Даня молчит. Зато отвечает Алик:

– Дина, мне скучно одному. Поэтому я решил с вами проехаться.

– И ты весь день будешь ходить в одной одежде?

– Потерплю ради того, чтобы побыть в твоём обществе. Дина, а ты шубу носишь, которую я тебе подарил?

– Нет.

– Почему?

– В машине в такой длинной шубе неудобно.

– А где удобно?

– На каком-нибудь курорте гулять по зимней набережной.

– Выбирай курорт. Поедем!

– Пока поедем по нашему маршруту, – говорю я сухо.

Нам надо сегодня одолеть триста километров. А Алик, насколько я знаю, пальцем не пошевелит, чтобы помочь коробки разгрузить. Мы уже подъезжаем к первому пункту назначения, я просматриваю документы.

– Данюша, а почему у нас тут документы на Белозёрские аптеки? Это же совсем в другой стороне.

– Этот идиот Сергей перепутал. Смотри, остальное всё верно?

– Всё верно. Но и ты виноват, не проверил. Ну, тут мы сейчас поплутаем. Это не город, а лабиринт.

Так как по этим маршрутам мы сейчас ездим редко, то вполне можем и заблудиться, а местные жители сами не знают, где тот или иной дом, или не хотят помочь. У нас машина с московскими номерами, поэтому в такой глухомани на нас смотрят, как на иностранцев. Мы кружим по городу в поисках нужных адресов. По заснеженным улицам ходят плохо одетые пожилые люди. Молодые выглядят получше, но не все. Алик замечает каждую девушку, идущую по тротуару или по обочине дороги. Он комментирует её походку, одежду, фигуру. Даня ухмыляется – согласен с другом во всём:

– Это – не наши девушки! – кричат они хором. Хоть уши затыкай от их воплей.

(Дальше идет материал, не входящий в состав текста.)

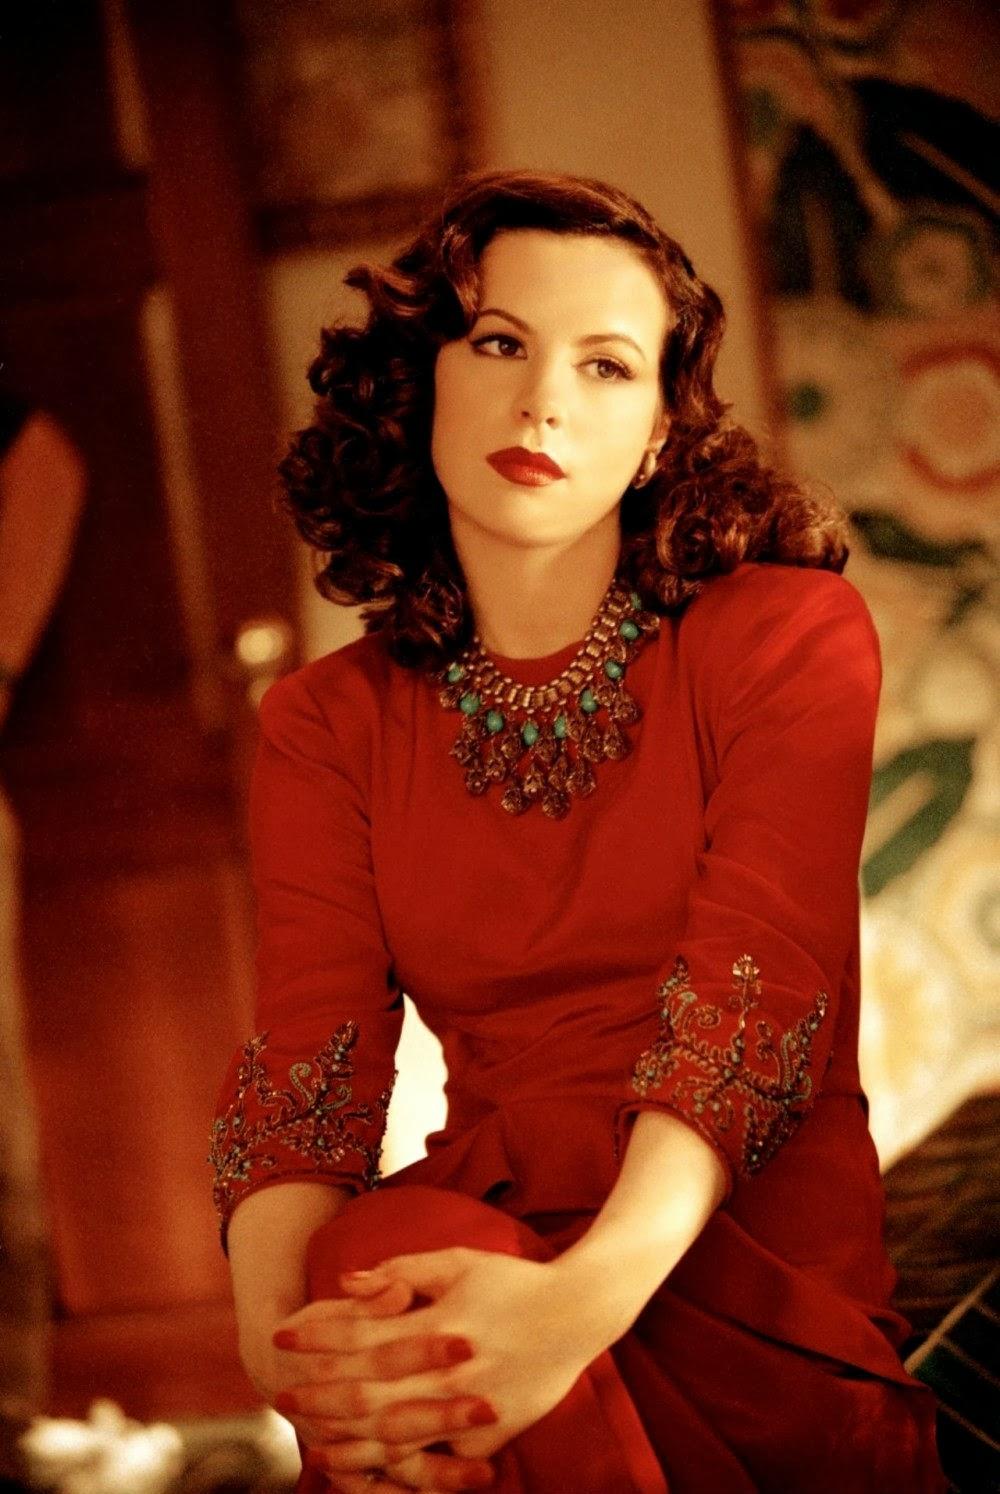 When Fashion Met Film Cate Blanchett Vs Kate Beckinsale

Зато если нас обгоняет девушка в иномарке, они благосклонно произносят:

– Это – наша девушка!

Нам трудно заезжать во дворы поликлиник и больниц, потому что там много народа, который не хочет посторониться, чтобы пропустить машину. Ноги у них всех двигаются плохо, особенно у старых и пожилых мужчин. Почему это происходит? Средний возраст мужчин в нашей стране 58 лет. В 58 мужчина только начинает жить, а пора уже заканчивать. Статистика неумолима.

Даня выносит коробки, в машине становится просторнее, Алик сидит на заднем сидении, развалившись. Я проверяю адреса, количество мест, печати. На одной из остановок в боковое стекло стучит плохо одетый мужчина. Алик открывает окошко:

– Что надо, брателло?

– Закурить дай! – хрипло просит мужчина, – Альберт? – неуверенно произносит он.

Алик выходит из машины. Подаёт мужику руку, отдаёт пачку сигарет. Тут возвращается Даня, и мы едем дальше.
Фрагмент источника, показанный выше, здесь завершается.